While economic strength is fueling good stock market performance, Wharton economist Jeremy Siegel continues to believe that "the risks are to the downside," he said in commentary posted Tuesday.
"The stock market is performing well despite interest rates trending higher because of continued economic strength. Waiting for the recession has been like waiting for Godot —promised to happen but never arriving. So, earnings chug on and downgrades in earnings are yet to come," the finance professor emeritus said in a post on WisdomTree.com, where Siegel is a senior investment strategy advisor.
The Federal Reserve "should definitely stop raising rates and not raise again," he wrote, noting that mortgage rates are above 7% again. "Another raise in rates will prompt people to ask, 'Why am I staying in 1% savings accounts or 0% checking accounts? I should find these higher-yielding money markets or short duration Treasury funds yielding over 5%.'"
Important data releases this week, including home price and labor market information, may determine the Fed's action when its interest rate-setting committee meets in June, Siegel wrote. "The labor market is the prime gauge I believe will dictate the Fed's decision come Friday," he said.
The government on Wednesday released the latest Job Opening and Labor Turnover Survey results, which showed higher-than-expected job openings, indicating the labor market remains resilient, Yahoo Finance noted.
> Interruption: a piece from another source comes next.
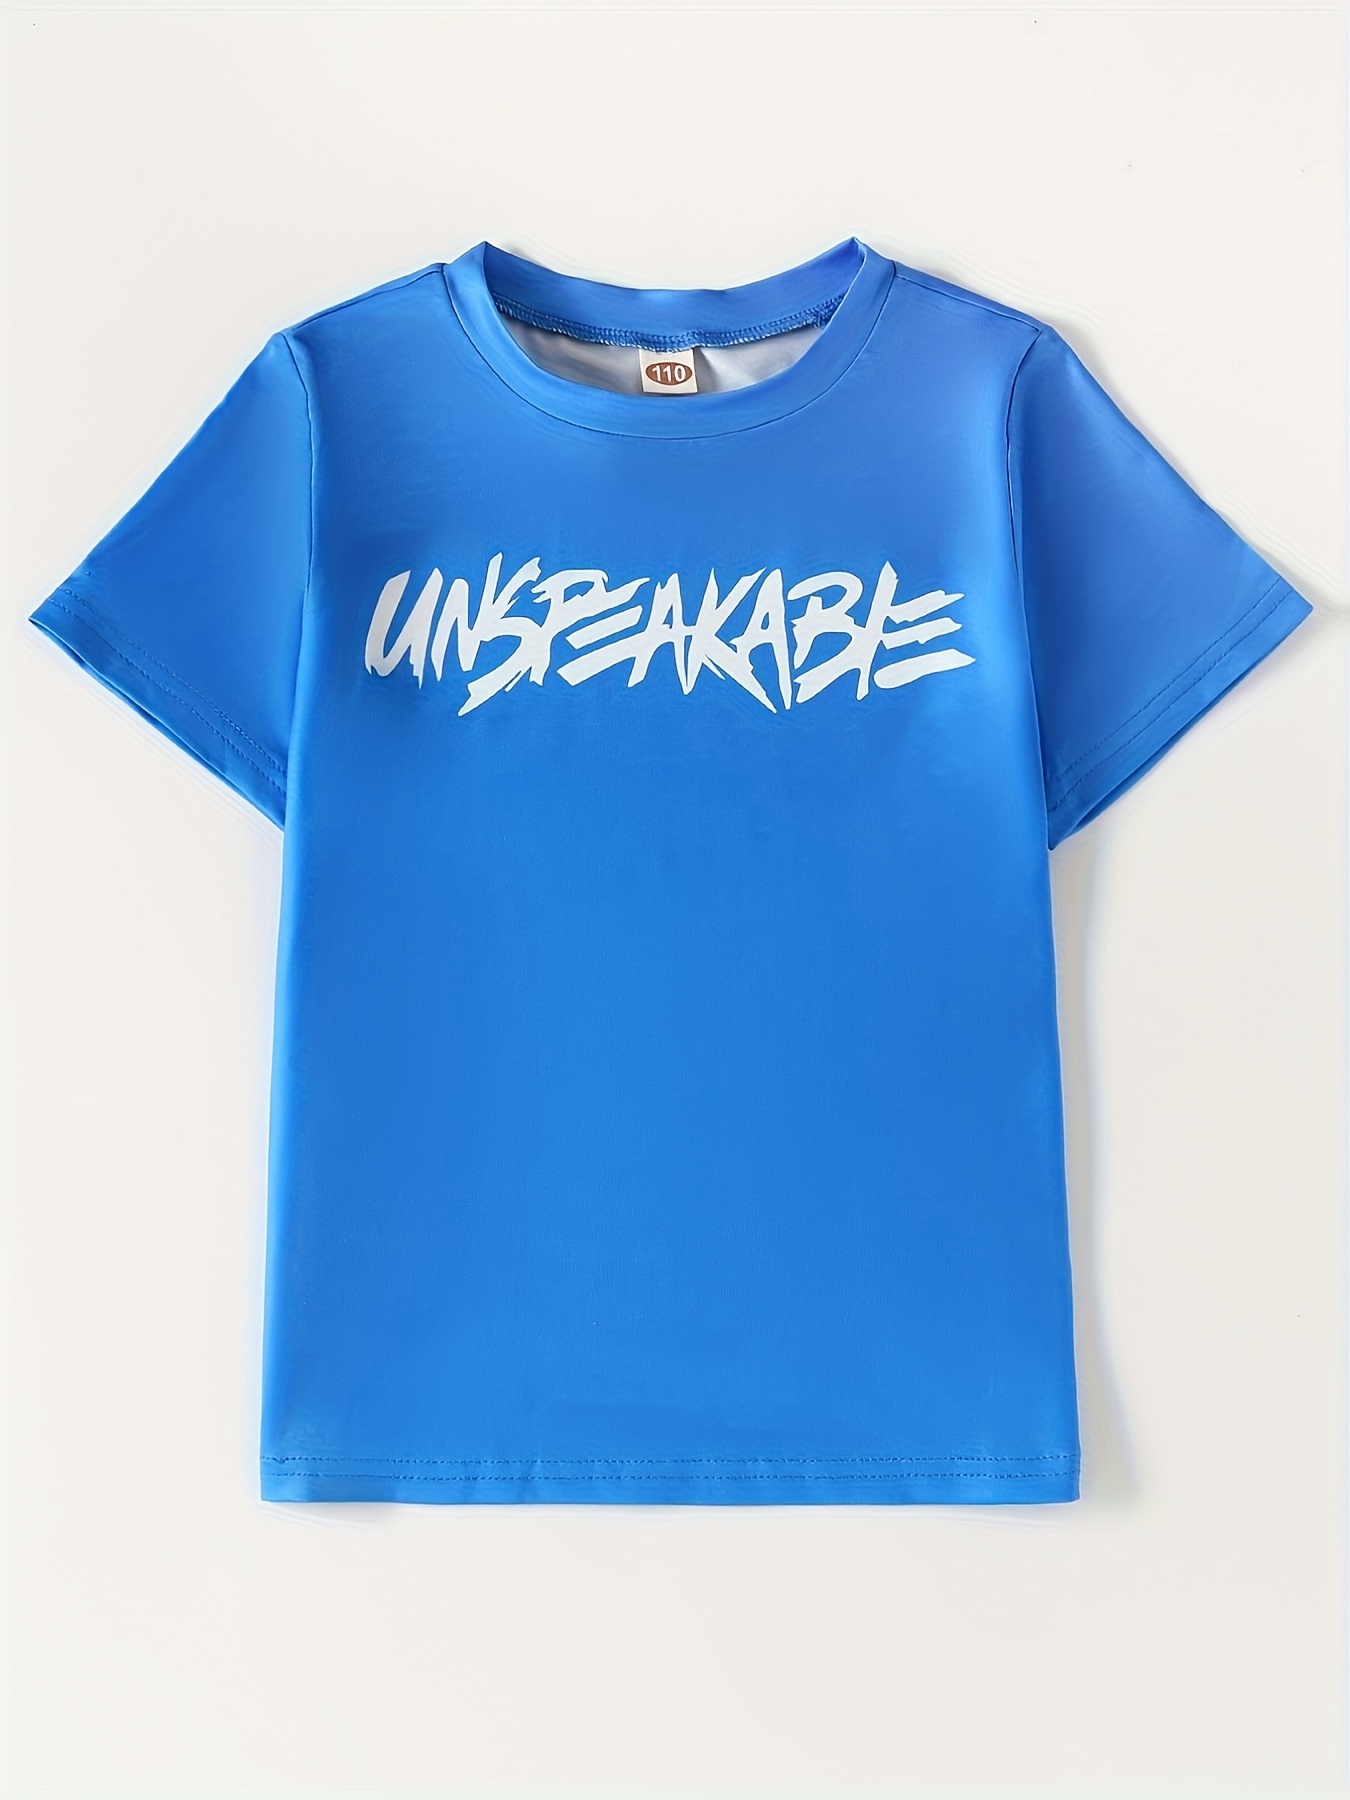 boys t shirts unspeakable tops fashion youth funny tee shirts t shirt for kids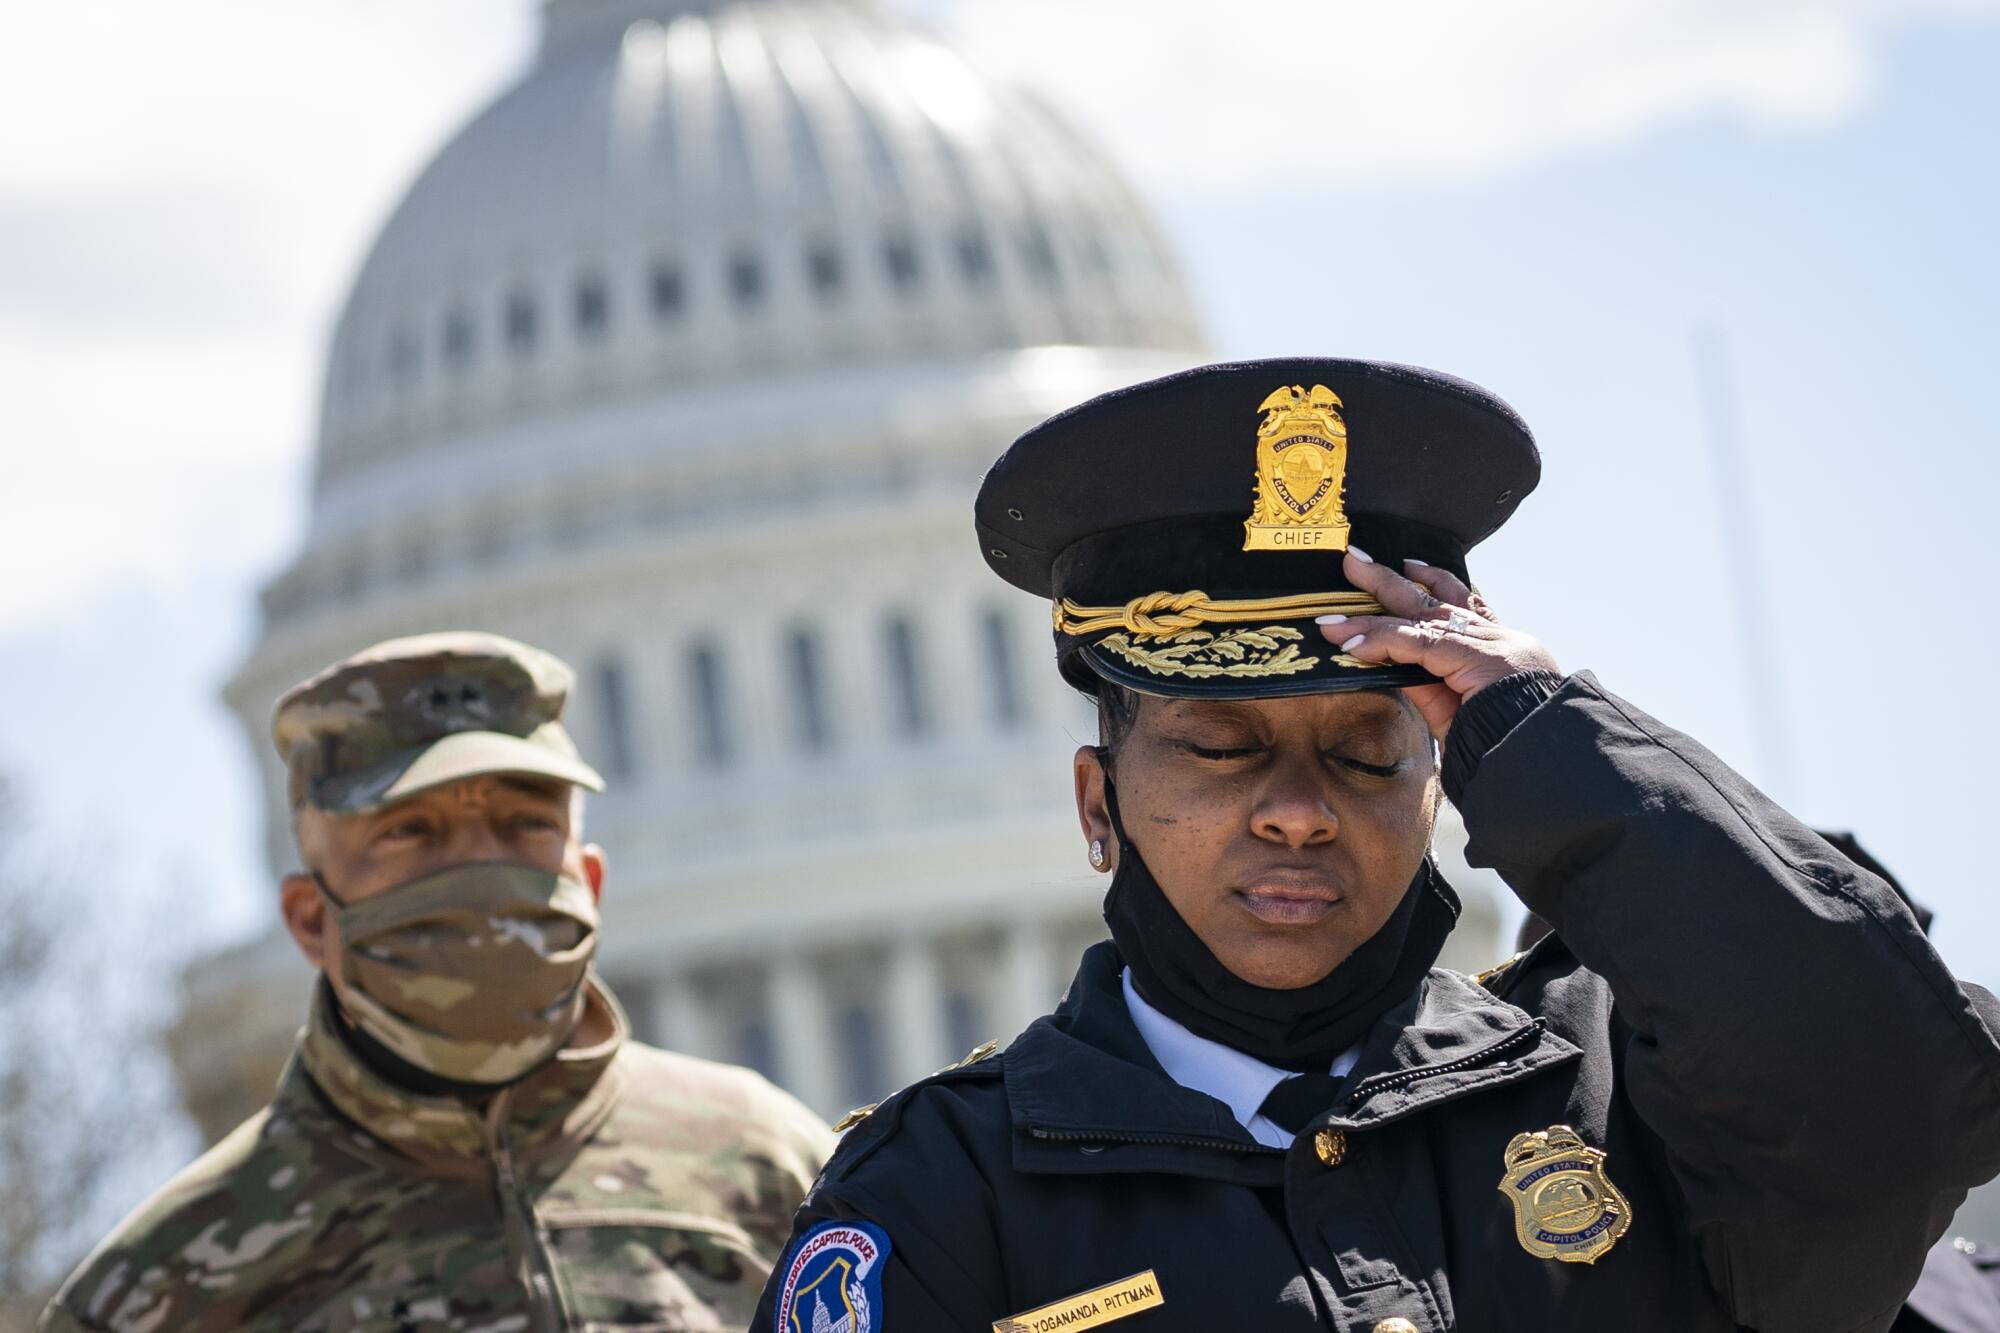 Acting Capitol Police Chief Yogananda Pittman (R) attends a press briefing about the security incident at the U.S. Capitol

The Bureau of Labor Statistics is scheduled to release new jobs data on Friday.
"If the jobs market is not super-hot, then I believe the Fed will not increase rates in June. But if unemployment drops even further and the jobs gain is over 200,000, there will be continued pressure from the hawks to keep raising rates," Siegel said.
"The economy ostensibly is humming along without any meaningful slowdown, but we should not assume the opposite — that everything is booming either."